February 25th 2019  |   Conservation Safaris, Kenya, Interviews, Travel, Countries, Miscellaneous  |  by   Richard Smith
Q&A with Saba Douglas-Hamilton

Saba Douglas-Hamilton is an anthropologist, elephant conservationist and safari camp owner in Samburu, Kenya. Ahead of her UK tour in April, we asked our Facebook fans to suggest some questions for Saba. Here are the Q&A’s.

  1. When is the best time to visit Samburu to see elephants – are there different behaviours at different times of the year?

My favourite time in Samburu is just after the rains – Dec/Jan or May/June – when the landscape is verdant green and the herbivores fat and happy.  It’s when elephants can be seen in great numbers with the biggest bulls in musth, lots of babies being born and females coming into oestrus.  In the dry season the herds break up into smaller units, close female relatives with their offspring, or, when times are really tough, right down to their natal units, as they have to cover greater areas in search of food and water.  But the dry season is when the predators come into their own, with lots of cubs born and fat happy cats feasting on weakened prey, which, in turn, improves the health of the ecosystem.

  1. Has the ban on ivory trade in countries such as China, the UK and US had visible and significant impact yet, in terms of reducing elephant poaching?

The high price of ivory in China has been the ultimate driver of the poaching of elephants in Africa.

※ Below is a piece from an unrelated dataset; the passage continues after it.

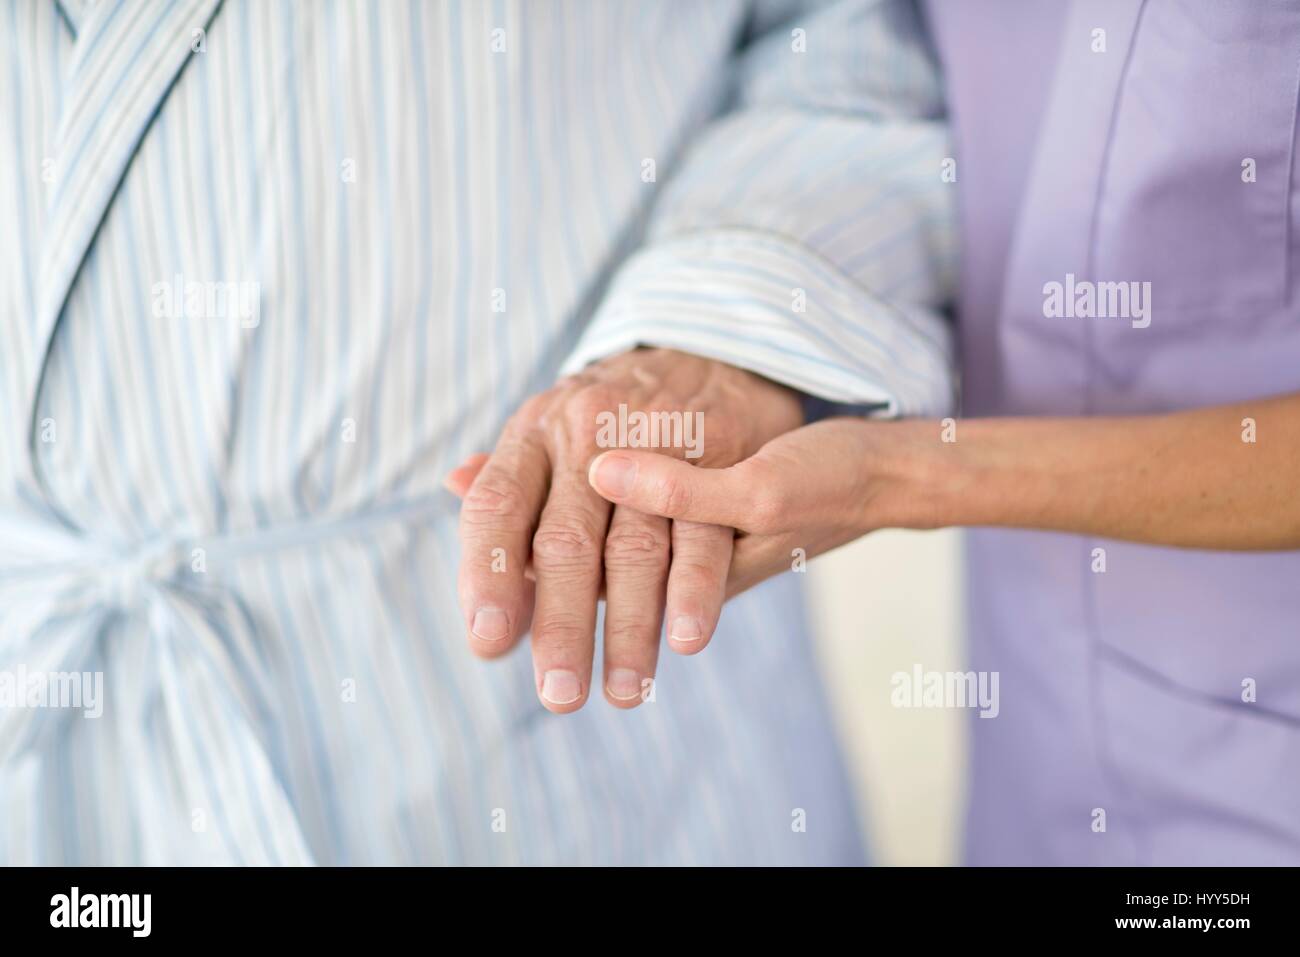 Care worker holding senior patient's hand. Stock Photo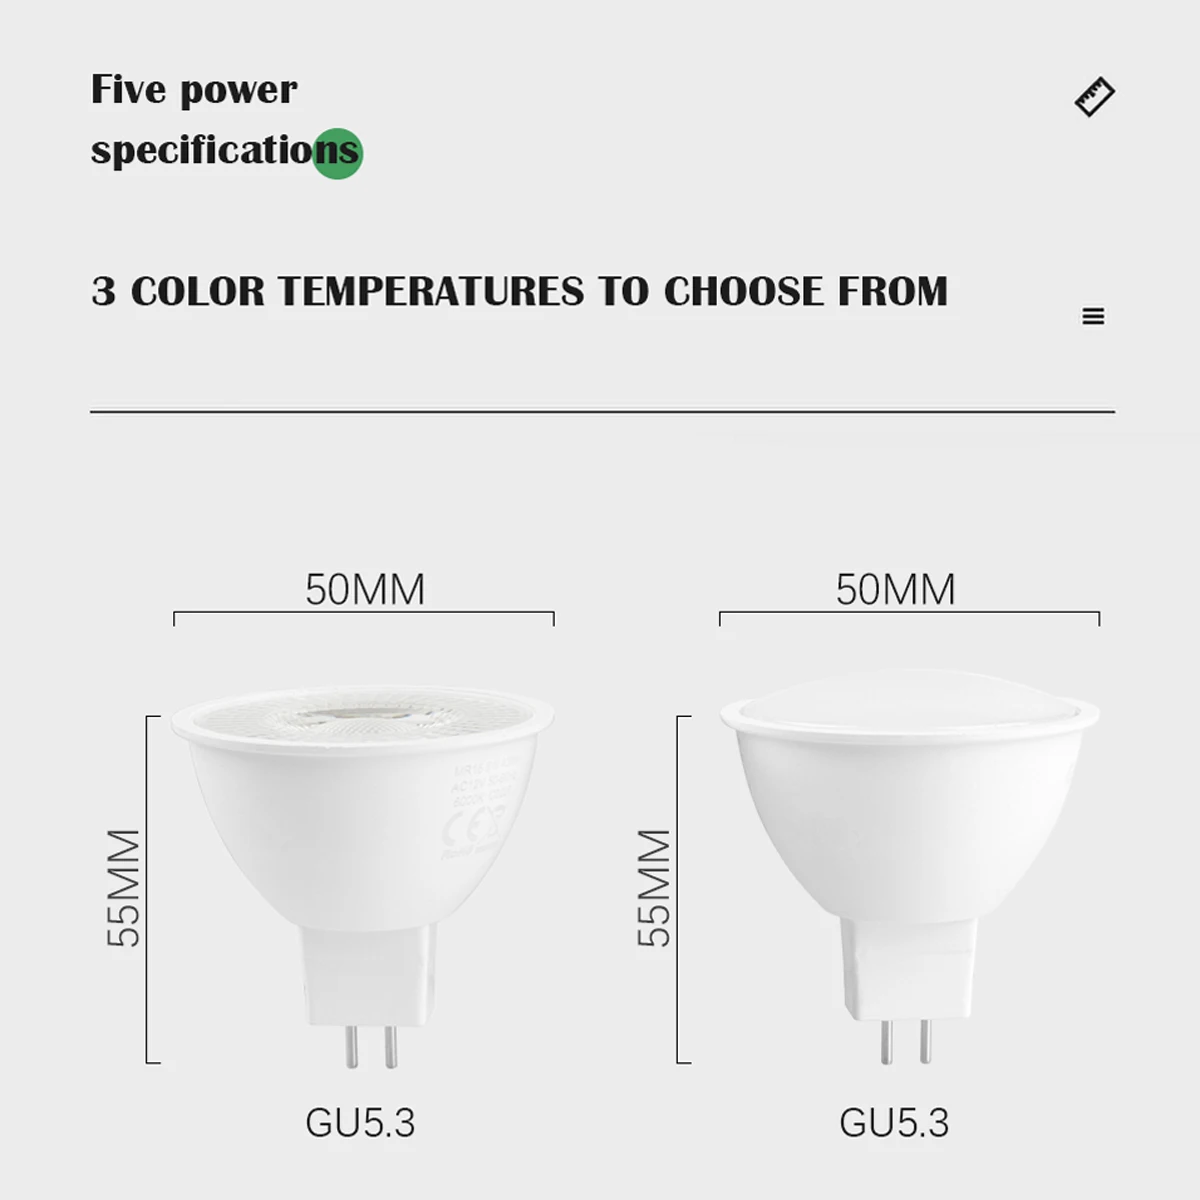 LED Spotlight MR16 GU5.3 low pressure AC/DC 12V 3W-7W High display refers to no strobe applicable to children's room, kitchen images - 6

After the Chinese government announced that they would be banning the ivory trade within their borders, the price fell from over $2,000 a kilo to just over $700 a kilo. While there are other factors – like the state of the Chinese economy – this is good news for elephants. Together with work being done across the continent to train and equip rangers, reform legal processes and take down organised crime networks behind the smuggling of ivory, we’ve seen great progress made in some key countries like Kenya, and even some tough areas in the DRC like Garamba National Park. But plenty of challenges remain – the desert elephants of Mali are hanging on by a thread in the midst of an Islamist uprising, and the last remaining stronghold of forest elephants in Gabon is under siege.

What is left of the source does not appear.